Оскорбленные чувства — страница 27 из 31

Когда на нашу страну ополчились, – гаркал губернатор, – когда нам из года в год пытаются навязать грязные истории с допингом, обвинить наш спорт в мошенничестве, когда нас норовят отрезать от международных соревнований, мы не скулим от обиды, как побитые собачонки. Мы обходимся сами! У нас свои, корневые, самобытные игры. У нас есть кулачные бои, у нас есть стенка на стенку. Да и во все остальное мы играем прекрасно! У нас самые гибкие гимнастки. Самые сильные атлеты. Мы не дадим себя никому заклевать! Они нас клюют, потому что боятся, правильно?

Площадь весело зашумела, зарокотала. Леночка, переминавшаяся в толпе, замахала лиловым воздушным шариком.
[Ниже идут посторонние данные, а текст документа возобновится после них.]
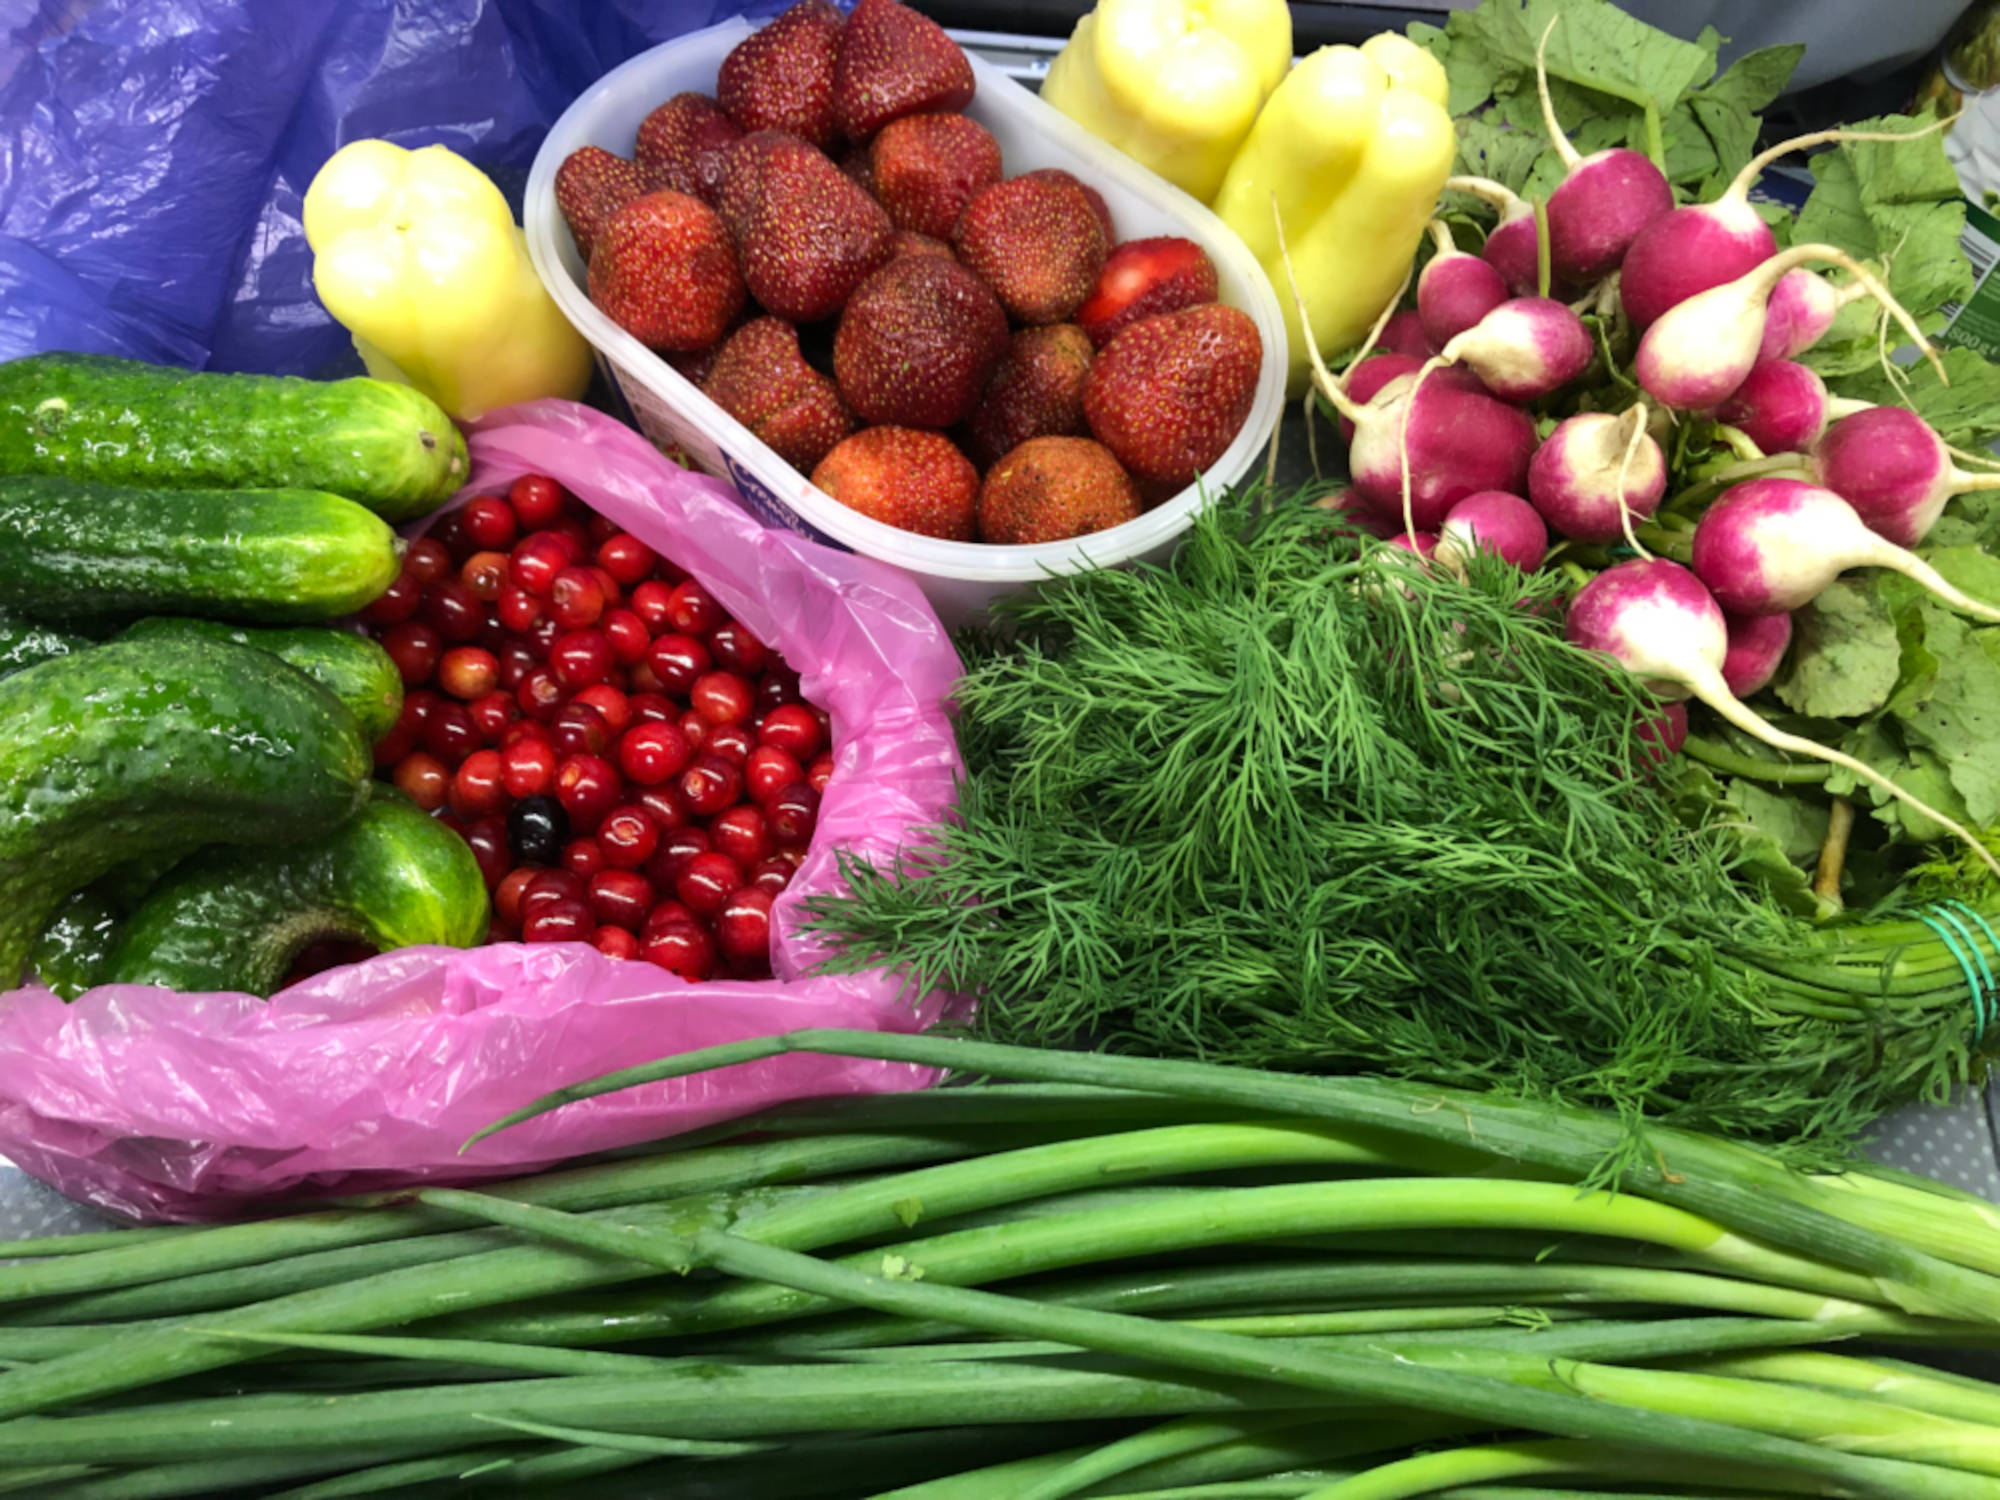 Obst und Gemüse vom Markt in der Ukraine

Здесь было все ее министерство. Накануне кадровичка ходила по этажам, обязуя служащих кровь из носу явиться на праздник. Леночка не противилась. Толпа была весела, шумлива. По площади ходил силач, устраивая представление с гирями. Клоунесса раздавала обручи, предлагая теткам-самоварам крутить их, кто на чем горазд, на всеобщем обозрении – кто дольше. Часть улиц вокруг площади перекрыли для проезда, и на них торговали пирожками и флагами.

Устраивались этнические палатки. Выставка малых народов в национальных костюмах. Татары продавали чак-чак, узбеки варили шурпу, башкиры разливали кумыс, таджики подавали плов, чеченцы потчевали хингалшем – тыквенными лепешками. Из казанов валил аппетитный пар, и живой огонь танцевал в дровишках. Тут и там, собирая вокруг малышню, хороводили люди в уродливых костюмах мячей, бадминтонных ракеток и метательных дисков.
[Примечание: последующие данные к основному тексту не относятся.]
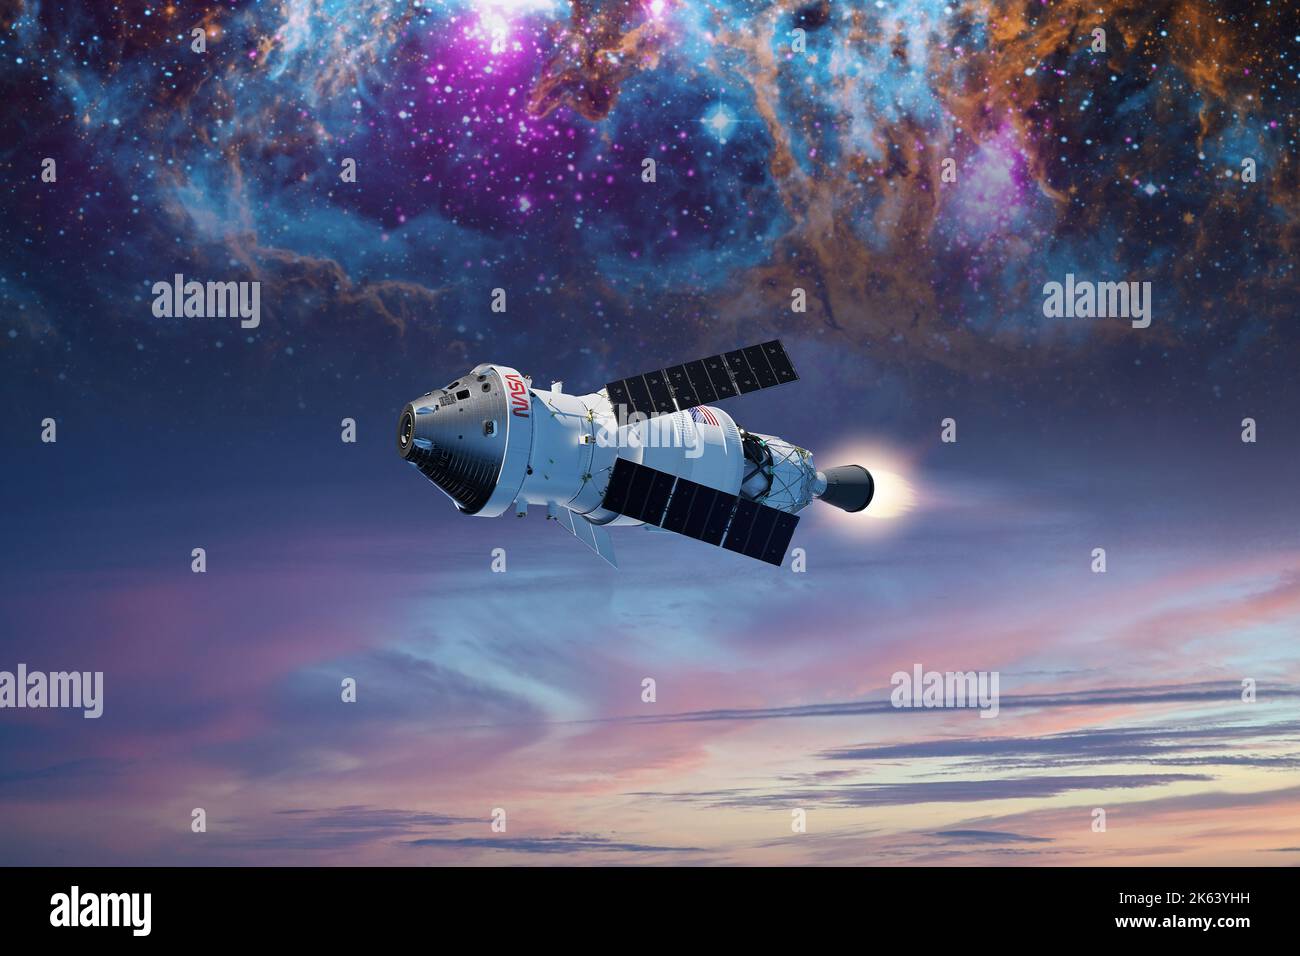 Sci-Fi-Konzept mit Orion-Raumsonde im Weltraum auf Nebelhintergrund. Elemente dieses Bildes, die von der NASA eingerichtet wurden. Stockfoto

Слух растекался по площади. Леночка слушала, как коллеги из уст в уста пасуют новость. По сарафанному радио транслировали неслыханное: взята под арест Марина Семенова. Легенда о задержании любовницы Андрея Ивановича Лямзина менялась, претерпевала метаморфозы. Одни твердили, что вертихвостку взяли на выходе из музея изоискусств. Она вышагивала по лестнице, спускаясь к прекрасной своей машине, но тут налетела со всех сторон опергруппа, щелкнули на нежных запястьях наручники.

Другие божились, что Семенову схватили во время принятия расслабляющей аромаванны. Черные балаклавы ворвались в клинику эстетики и косметологии «Василиск». Негодяйка лежала распаренная, голая, в теплой воде, смешанной с молоком, медом и эфирным маслом пачули. Ее выдернули из ванны, вывихнув руку.

Третьи утверждали, что Семенова пришла и сдалась сама после исповеди духовнику покойного Лямзина. Якобы тот уговаривал грешницу каяться перед земным судом. Якобы Семенова шла с повинной пешком, по колдобинам и грязи, через весь город, одетая в простые джинсы и куртку. Якобы шла и шептала:

– Простите, простите, простите…

Леночка дурела от слухов, уши ее горели, в воображении сменяли друг друга сцены позора Марины Семеновой. Она вспоминала, как однажды увидела фифу в профиль, чуть-чуть снизу вверх. У той, как у игуаны, провисал мешочек под подбородком. Хваленая красотка оказалась с изъяном. И как Андрей Иванович не замечал?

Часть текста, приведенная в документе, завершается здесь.